Earlier this week, the United States Environmental Protection Agency announced new guidelines under the Clean Air Act limiting carbon dioxide emissions from existing power plants. The move comes in the wake of the federal government’s Third National Climate Assessment, exposing the serious risk climate change poses to the nation’s economy and security. Applauded by environmentalists, the EPA move was quick to draw the ire of climate change skeptics and myopic economists who fail to see the forest for the smog-obscured trees.
Critics say that limiting carbon emissions from existing power plants in the name of combatting climate change will undermine the U.S. economy and hurt the American people. But more than half a century’s worth of data from the Energy Information Administration shows that the United States’ GDP grew by more than 720% between 1950 and 2013, while energy consumption per dollar of GDP declined by more than 60% during the same period. The U.S. has retained its place as one of the most robust economies in the world while steadily decreasing the energy and carbon intensity of that economy. Lately this has been especially true of electricity: in 2012 alone, weather-adjusted electricity used per dollar of GDP fell by 3.4%.
But we must do better, the new EPA regulations take us an important step in that direction, and other countries show that we can do better without sacrificing our economy in the process. For example, among the U.S., Germany, and Japan—three of the world’s top four economies—Germany and Japan’s CO2 emissions per capita are nearly identical, while per capita emissions in the U.S. are an unconscionable 93% higher.

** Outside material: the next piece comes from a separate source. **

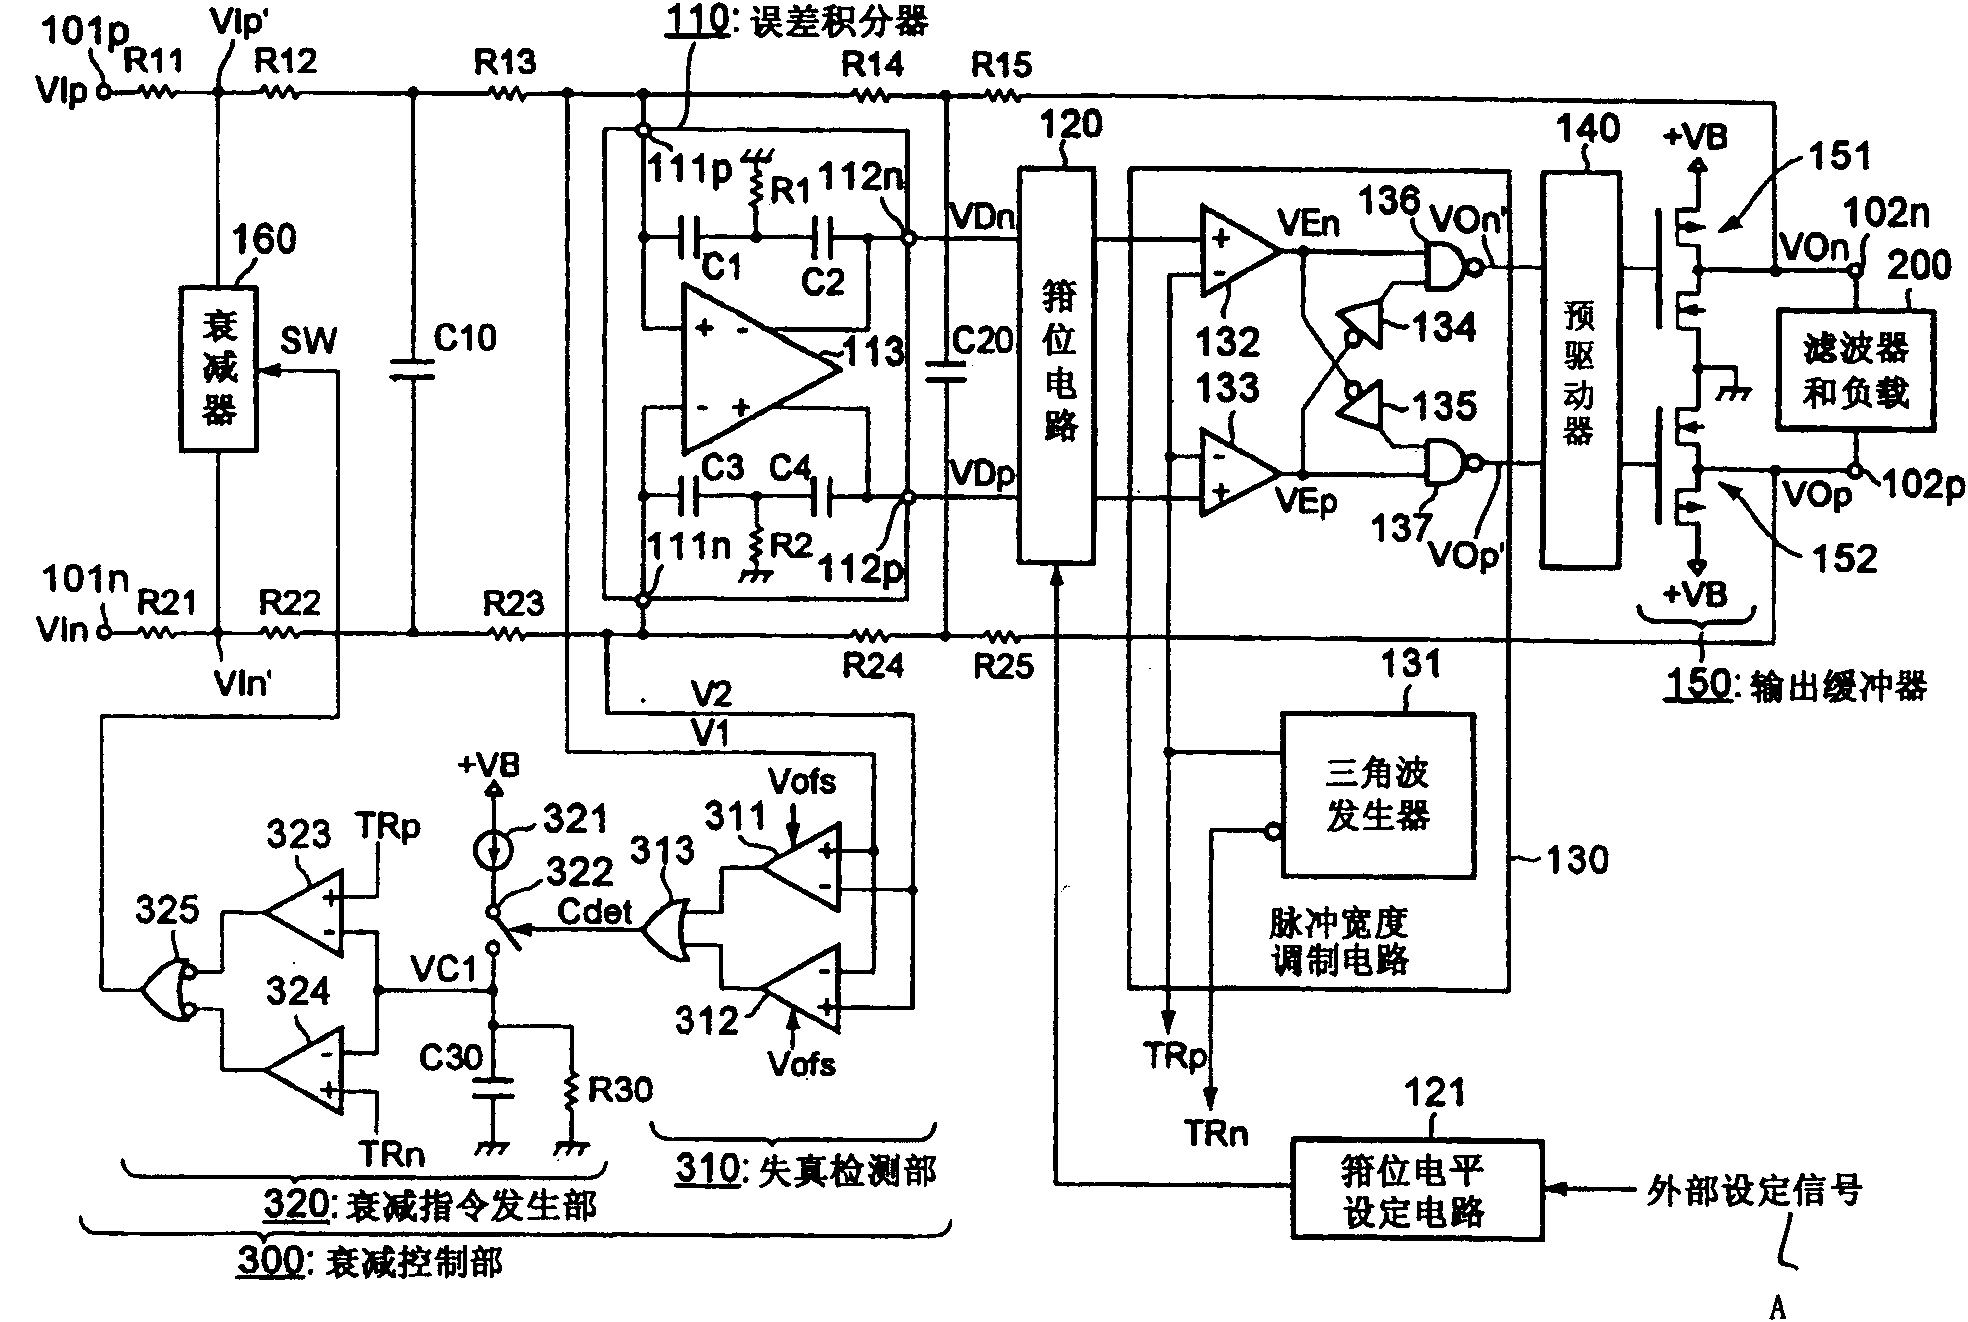 Class-D amplifier

The United States’ own economic, energy, and carbon trajectories, and the even more impressive trajectories of some of our peer nations, show that addressing climate change is very unlikely to incur the economic costs fear-mongering critics say they would.
The loudest such critic of late has undoubtedly been the U.S. Chamber of Commerce. In a report released last week, the group attempted to strike fear in the hearts of Americans, claiming that the EPA’s new carbon emissions regulations would cost the U.S. economy $51 billion per year. As many have noted, the Chamber’s report grossly overstates the potential costs, for example by assuming exceedingly high per capita energy demand growth, when in fact stagnant annual nationwide electricity consumption has proved itself the new norm. (Electricity use has in fact been driving down ever since 2007 even as the economy rebounded.) But even if we take the Chamber’s outsized numbers at face value, they fail to hold weight.

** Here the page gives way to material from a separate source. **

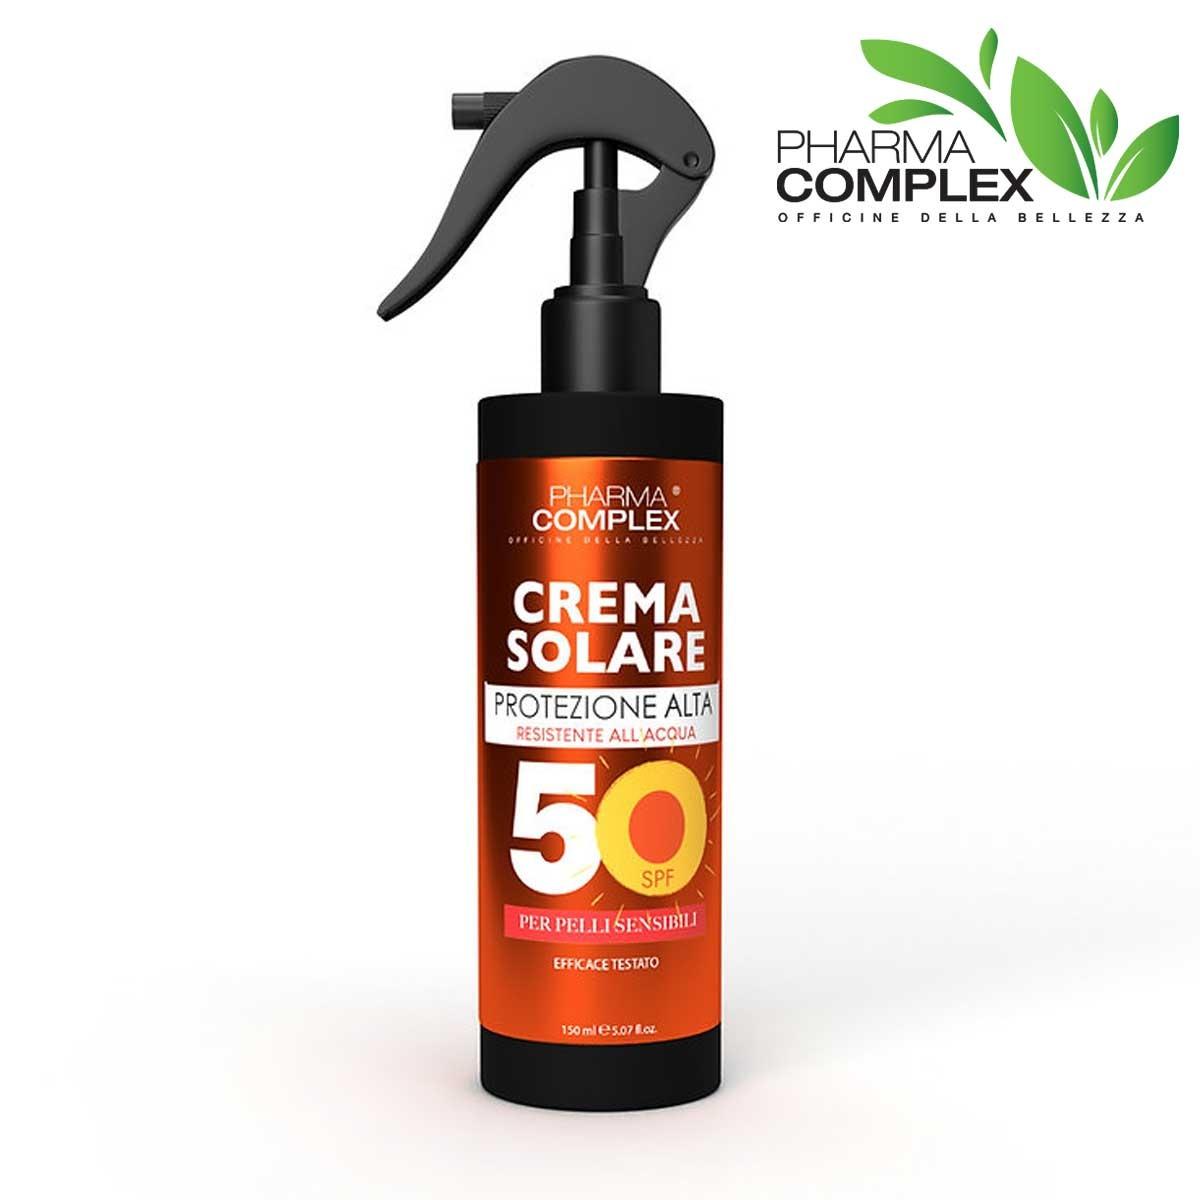 Pharma crema solare protezione alta spf 50 150 ml

Simply consider the economic impact of the severe weather the U.S. can expect to get worse under continued global warming. Eight of the ten most expensive hurricanes in U.S. history have occurred in the past decade. They include Katrina ($148 billion) and Sandy ($71 billion) and a long list of others that make $51 billion a year to stop loading the dice in favor of superstorms seem like a drop in the bucket, which it is.
As Paul Krugman noted in a New York Times op-ed last week, the U.S. boasts a $17 trillion economy, so $51 billion amounts to one-third of one percent. Against the sheer size of the U.S. economy, it’s nothing more than a decimal place rounding error to take meaningful action against one of the greatest threats to the nation’s people, environment, and economy.
In fact, upon closer scrutiny, we discover there isn’t a cost at all, but rather an opportunity. The prevailing attitude suggests that we cannot afford not to spend the requisite, substantial money fighting climate change. However, fighting climate change actually turns out to be not just exceedingly cheap but economically profitable, even if its avoided costs, like storm damage and underwater coastal real estate, were worth zero. That’s right: the Chamber of Commerce, purportedly the voice of American business, got the sign wrong, representing a profit as if it were a cost.
Indeed, RMI’s own rigorous analysis, Reinventing Fire, found the U.S. could transition to a 2050 economy energized by tripled efficiency and 75% renewables for a $5 trillion net-present-value savings—not net cost—while supporting a 158% bigger U.S. economy and slashing carbon emissions to 82–86% below 2000 levels. (This conservatively values climate change and all other hidden or “external” costs at zero.) That economically robust, climate-friendly future for the United States includes building a new electricity system powered 80% by renewables, half of them distributed on places like homeowners’ rooftops, and highly resilient against cascading blackouts—for essentially the same cost as simply maintaining the dirty, insecure, fossil-fuel-burning electricity system we have today.
Equally importantly, it positions the U.S. economy much better for a new reality where competitiveness does not come from burning coal, oil, or gas with a multitude of health, resilience, and environmental downsides, but instead from building on the rapidly increasing competitiveness of solar, wind, battery, and efficiency technologies that all create jobs and prosperity. In this energy revolution that is already well on its way, the U.S. stands much to gain from being at the leading edge, rather than denying or thwarting it.
With the EPA’s new carbon emissions regulations, the U.S. at last takes meaningful action to tackle the root causes of climate change. Let’s not get distracted by those who’d have us believe this move will harm Americans’ wallets and pocketbooks. The question we should be debating is: who will seize the biggest piece of this tremendous opportunity? As Rocky Mountain Institute co-founder and chief scientist Amory Lovins wrote in a 1997 paper on climate change economics, “What costs? The interesting thing is who should get the profits!”